En Cuca y el pollo todo es tremendamente artificial pero curiosamente no deja de ser realista. Es como una de esas reuniones de los CDR en las que todo el mundo juega a un juego que ya se acabó, pero que por miedo a las represalias se continúa el teatro.

En esta comedia subyace una verosimilitud con la realidad cubana que es extremadamente perturbadora, un acercamiento irónico a la macabra idea de tener que adaptarse constantemente. Hay un proverbio chino que reza: "Regala un pescado a un hombre y le darás alimento para un día, enséñale a pescar y lo alimentarás para el resto de su vida". El final de este cortometraje muestra que muchos cubanos prefieren que les sigan regalando el pescado, que irónicamente se convirtió en pollo.

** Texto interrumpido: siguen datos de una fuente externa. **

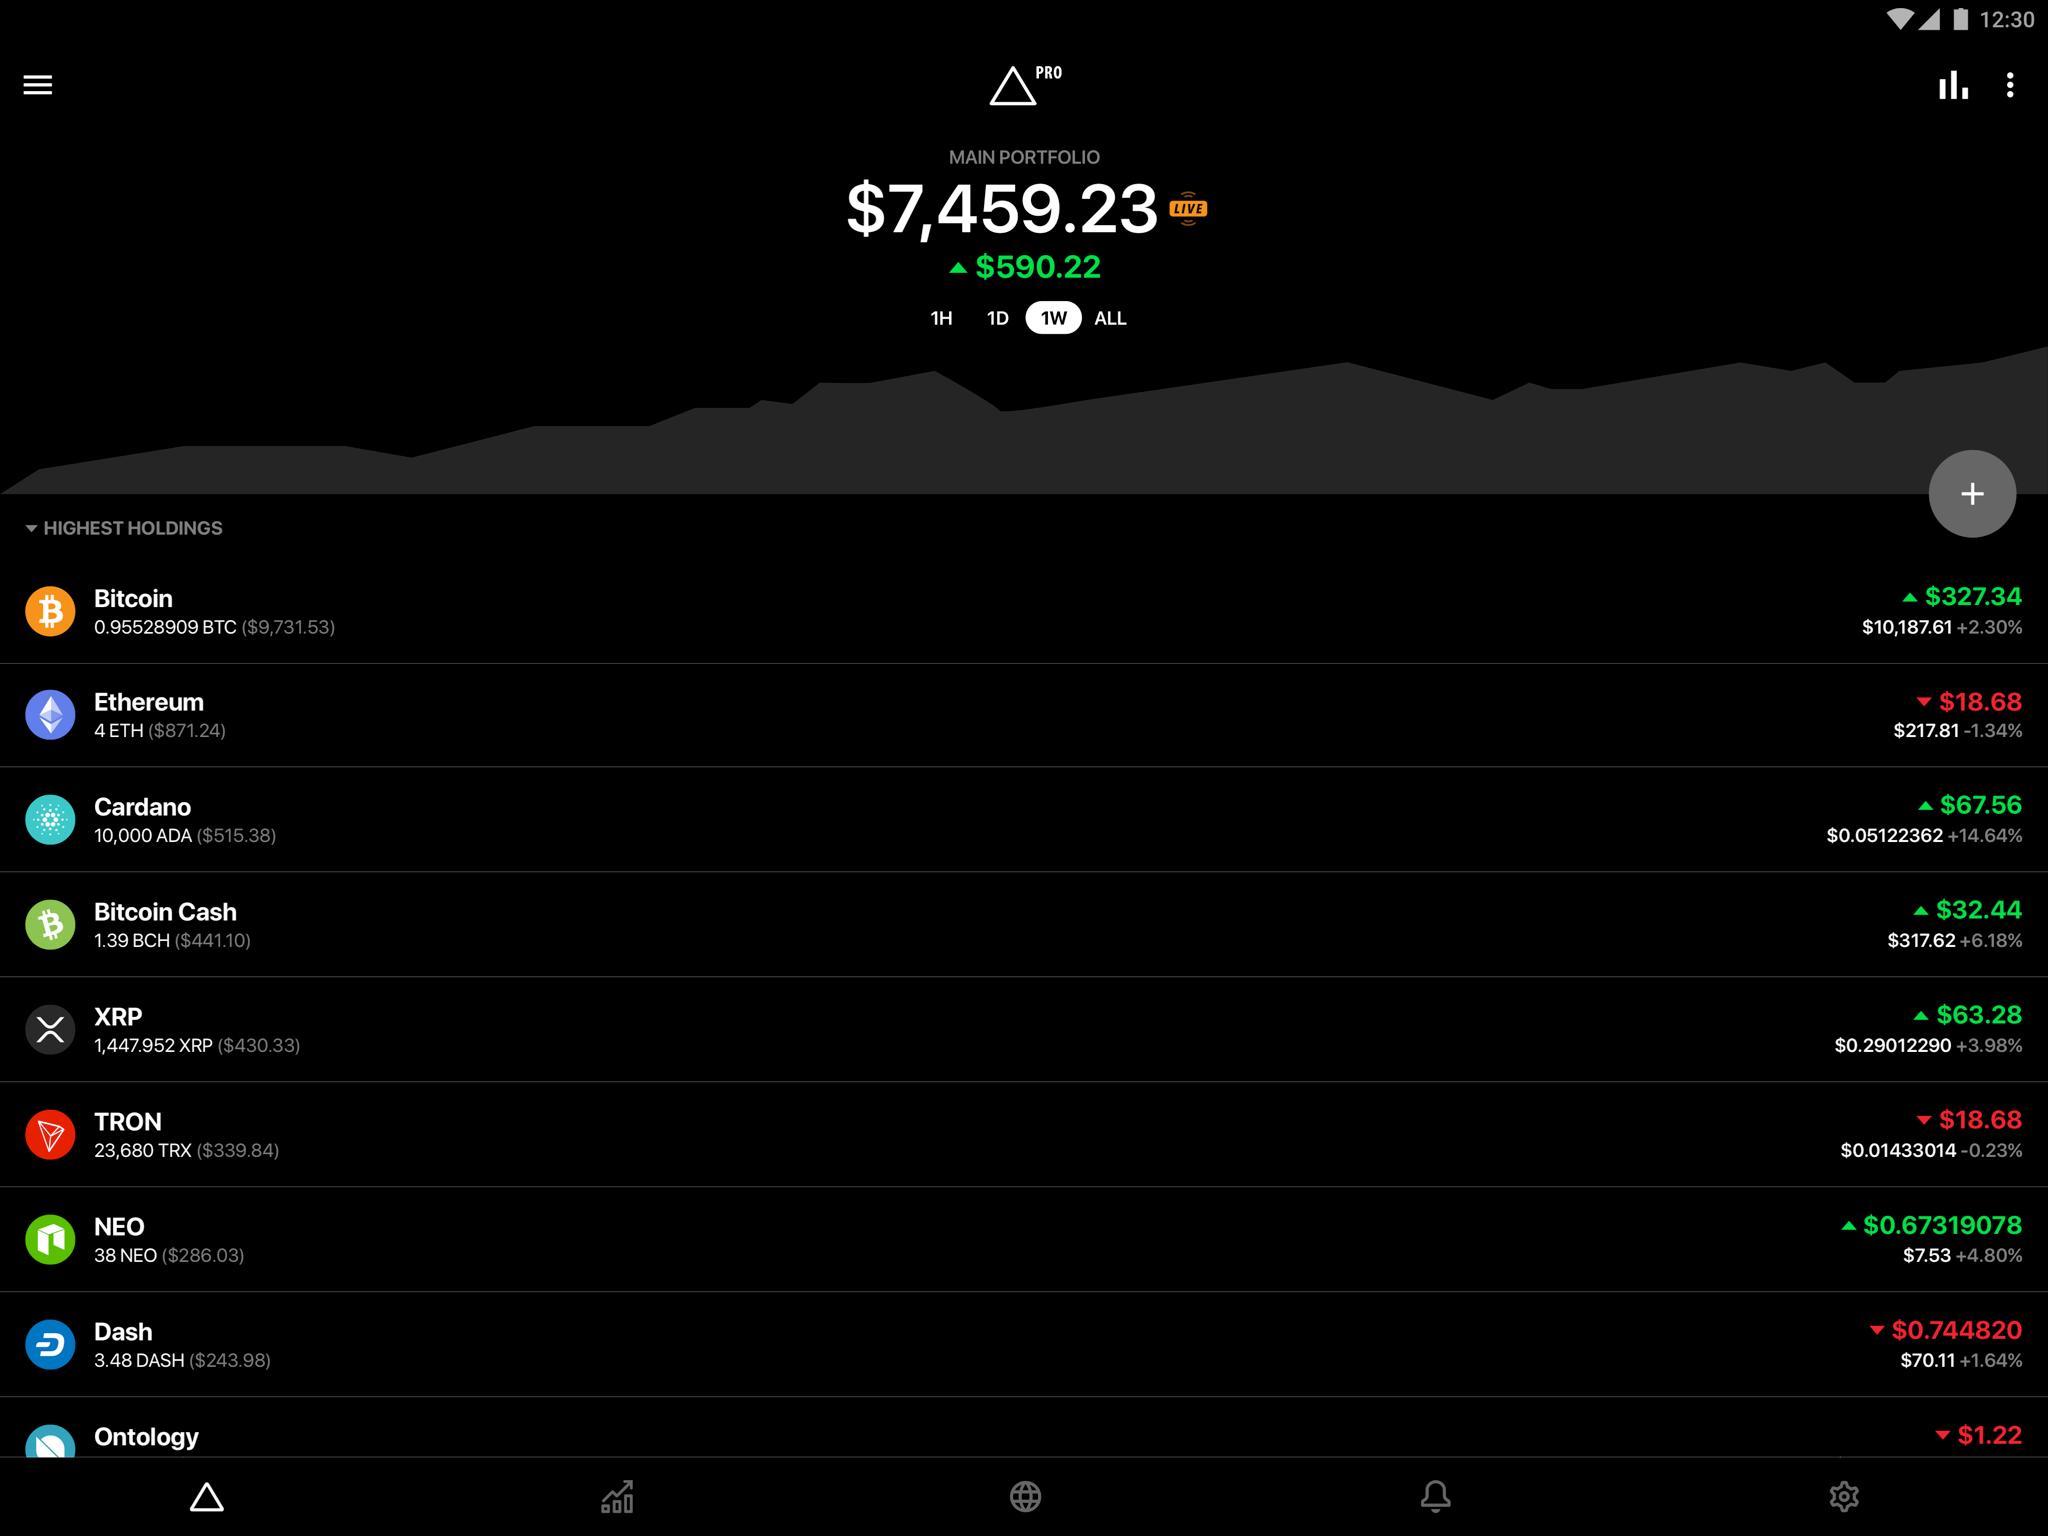 Delta Investment Portfolio Tracker 4.0.4 Screenshot 10

La rapiñería, el chismoseo, la doble moral, el sálvese quien pueda y el sacrificio inútil, son algunos de esos comportamientos cubanos que conviven armoniosamente en esta joyita mordaz, ejemplo de forma y contenido que ha sido eficazmente fotografiada por Justo Fuentes, editada por Ismael de Diego y sonorizada por Esteban Bruzón.  Con Alexis Díaz de Villegas —que parece salido de una película silente de Enrique Díaz Quesada—  al frente de un elenco que reúne tanto a actores y actrices profesionales como amigos del barrio, el casting de Cuca y el pollo en su conjunto evidencia que en esta ocasión Lechuga eligió a la persona ideal para representar cada uno de los roles.

Quisiera apuntar también que "Cine Cubano en Cuarentena", la iniciativa impulsada por José Luis Aparicio y Katherine Bisquet,  es un buen ejemplo para darnos cuenta que no necesitamos del permiso de alguien para encontrar para nuestro cine un espacio de difusión.  El cine cubano tiene en el mundo virtual su espacio de choque con la verdad, con su público natural y con una audiencia global. Ahora la tarea es ver cómo conseguimos que esa plataforma sea solvente para los realizadores.